Limitations of this review were that 3 studies (2 LT studies and 1 LR study) were performed by 1 investigator [40,41], Eguchi et al. had a retrospective control group [42], and 2 of the LR studies were prospective non-randomized studies. The combinations and concentrations of the pro-/synbiotic preparations were different, though Lactobacillus sp. was the main component. The results of the meta-analysis have to be interpreted with caution because the duration of perioperative exposure differed between studies, as well as the control groups being inconsistent (placebo vs. no therapy vs. administration of only prebiotics).

5. Conclusions

Perioperative pro-/synbiotics have been investigated in various RCTs in liver surgery with different primary study endpoints. Most of the studies focused on postoperative infections that lead to increased morbidity and mortality but also on intestinal integrity, on the microflora, as well as on the development of perioperative liver function and surgical outcomes.
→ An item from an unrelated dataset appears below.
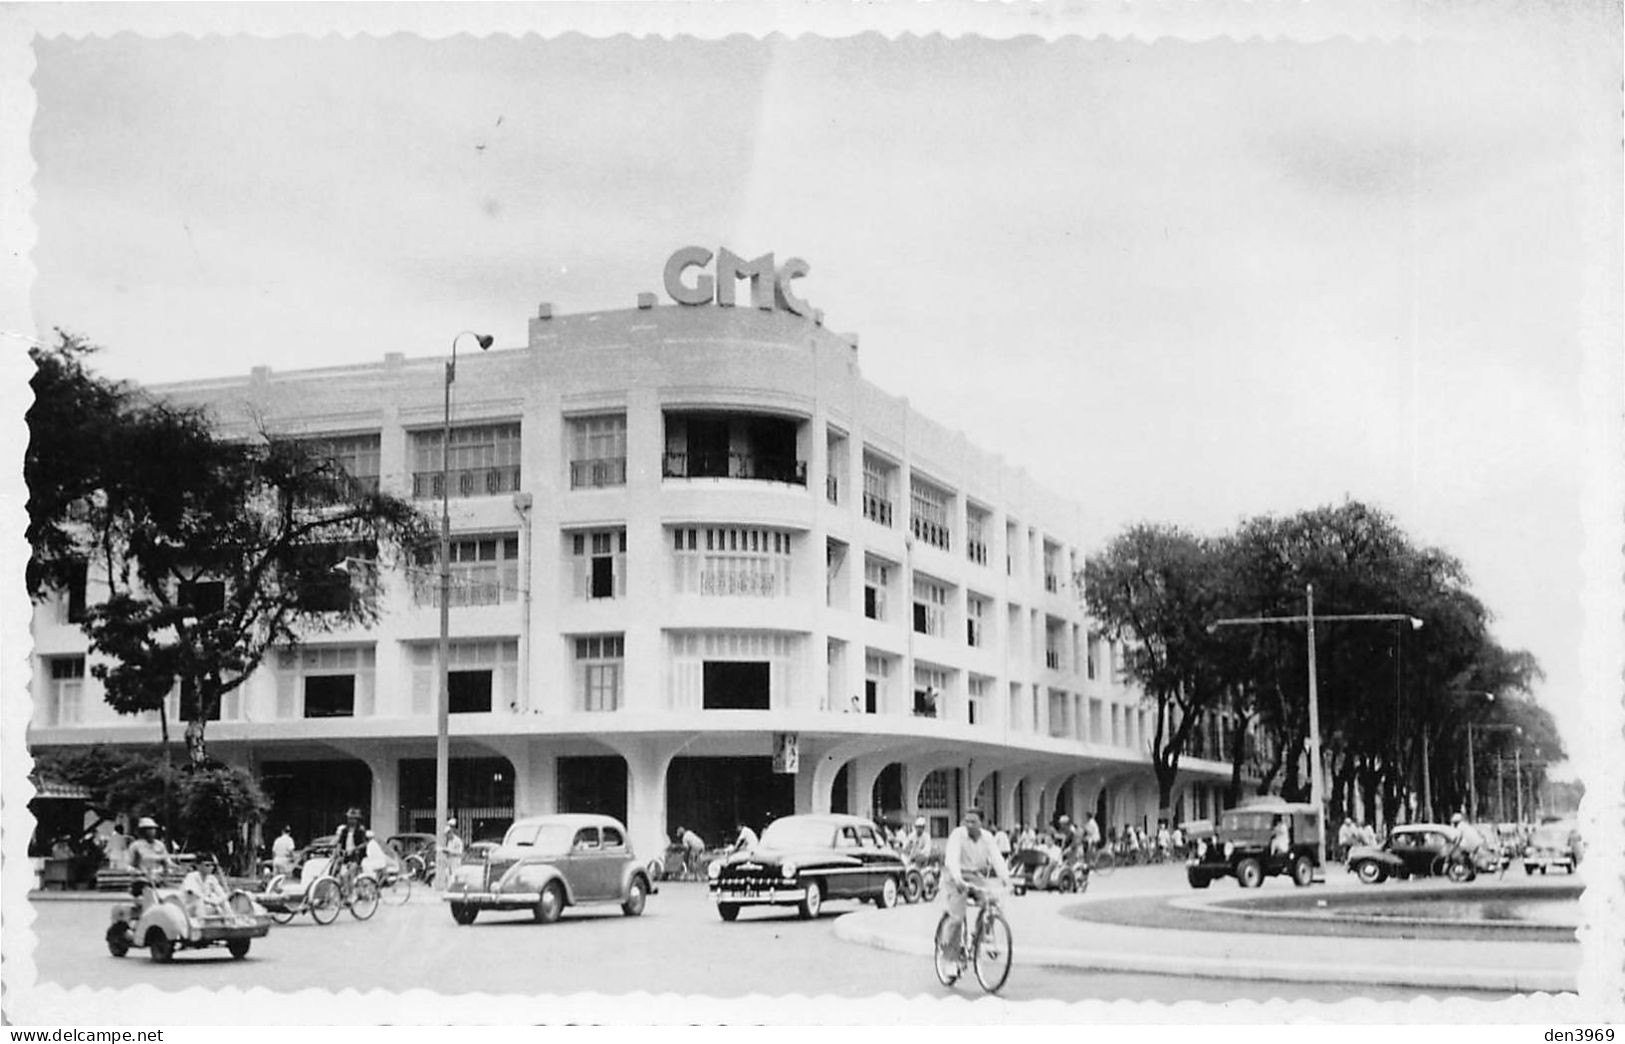 Viet-Nam - SAIGON (Hô Chi Minh-Ville) - Magasin Charner, GMC - Automobiles - Carte-Photo (2 Scans) - Vietnam
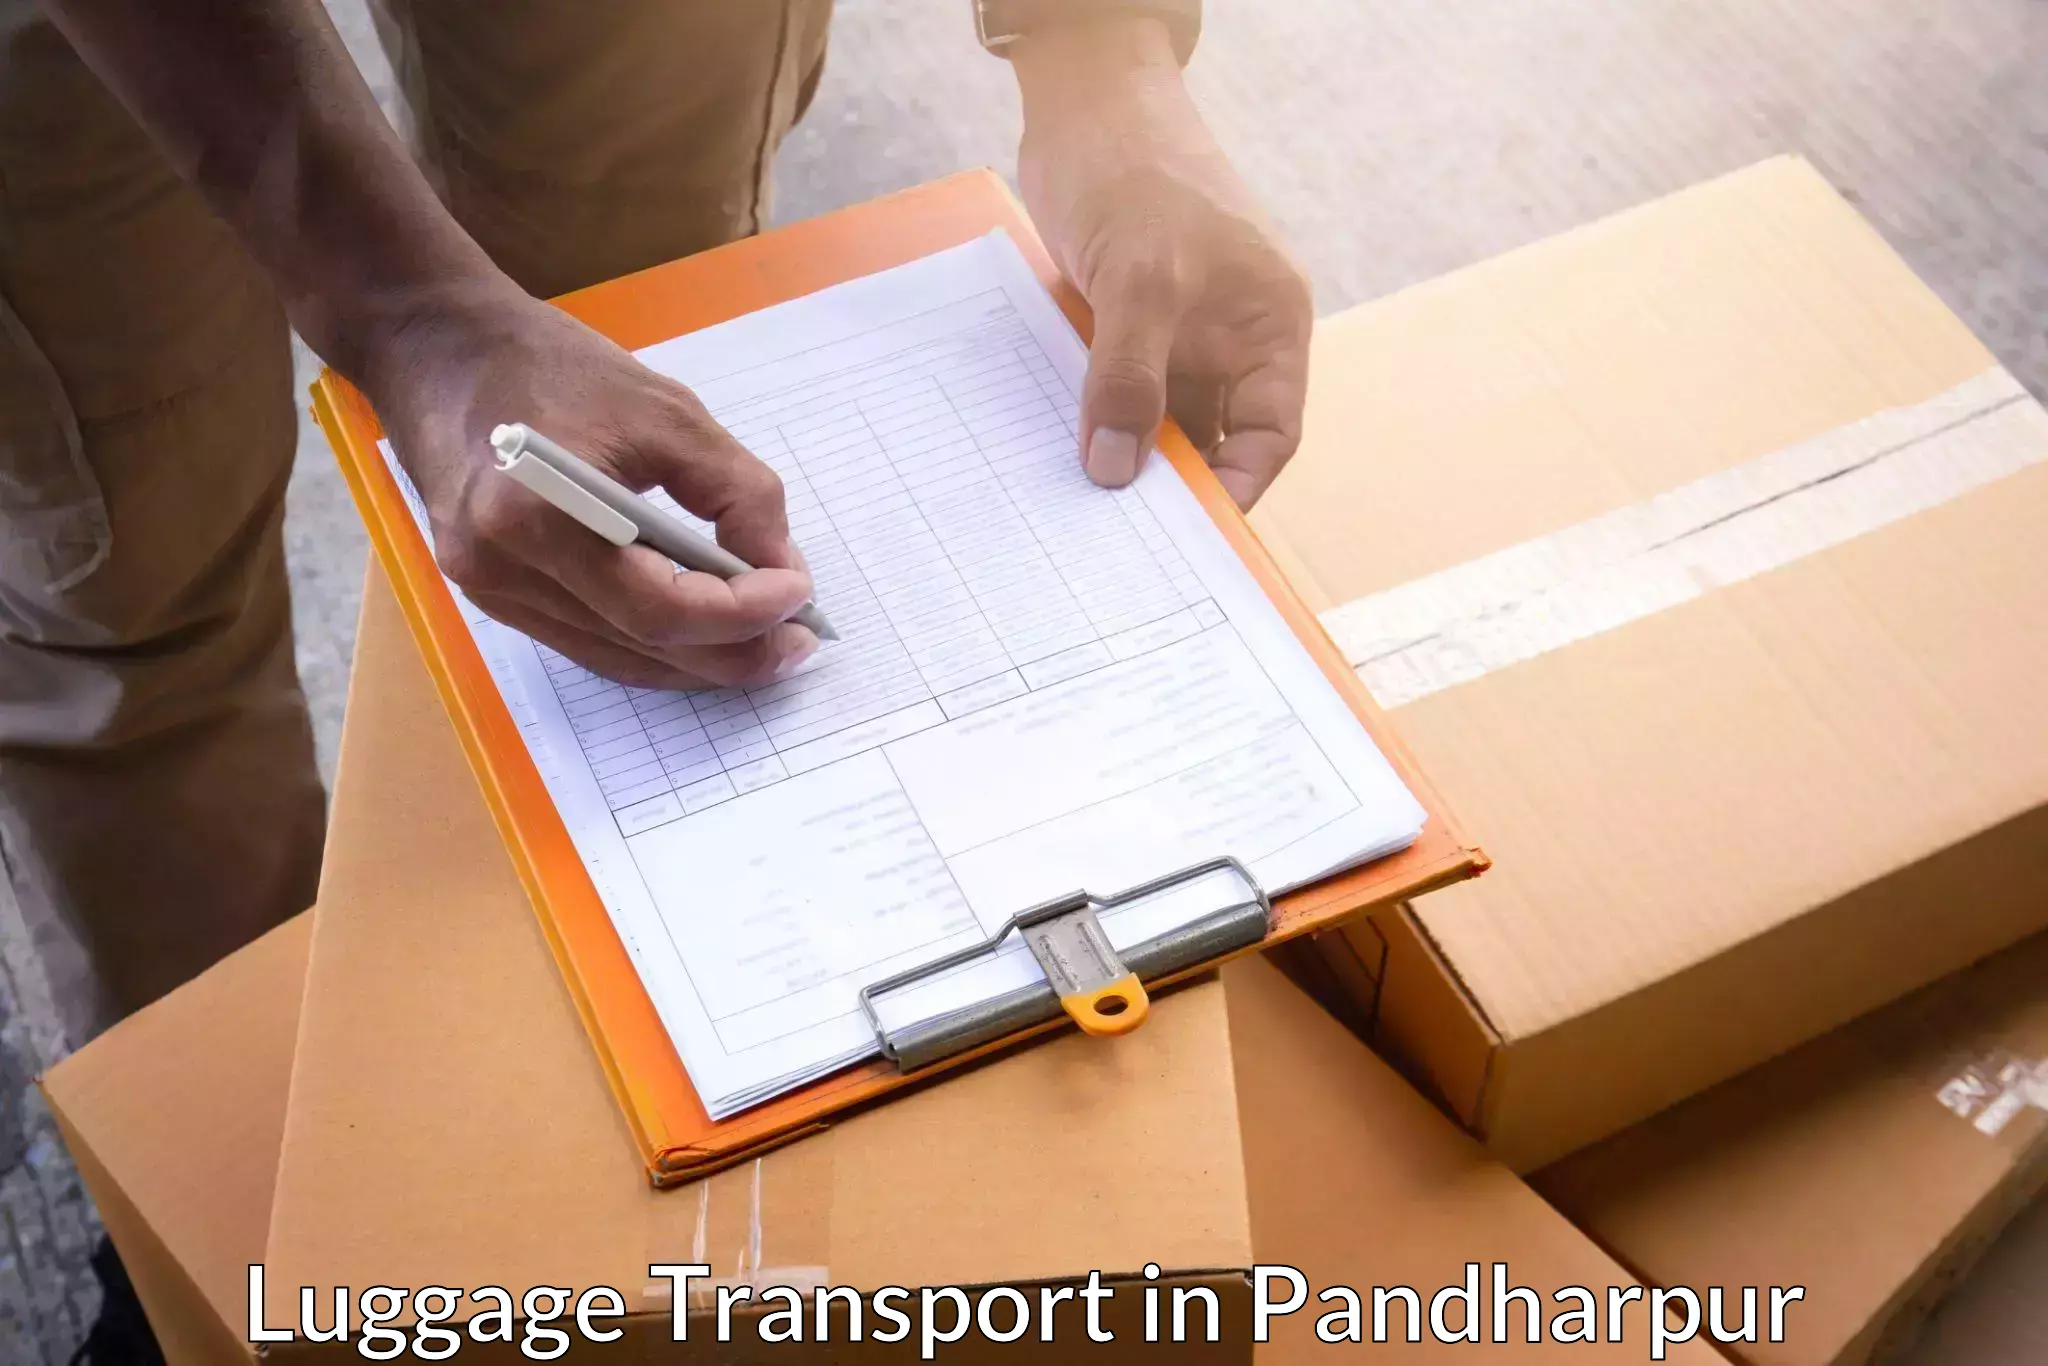 Luggage transport tips in Pandharpur

Pro-/synbiotics in liver surgery clearly reduce infections. However, current evidence on the effects of prophylactic perioperative administration of pro-/synbiotics in liver surgery is conflicting due to pending standardization of pro-/synbiotic preparations, duration of perioperative exposure, the route of administration as well as standardized study controls (standard care or placebo), making comparison of the trials challenging.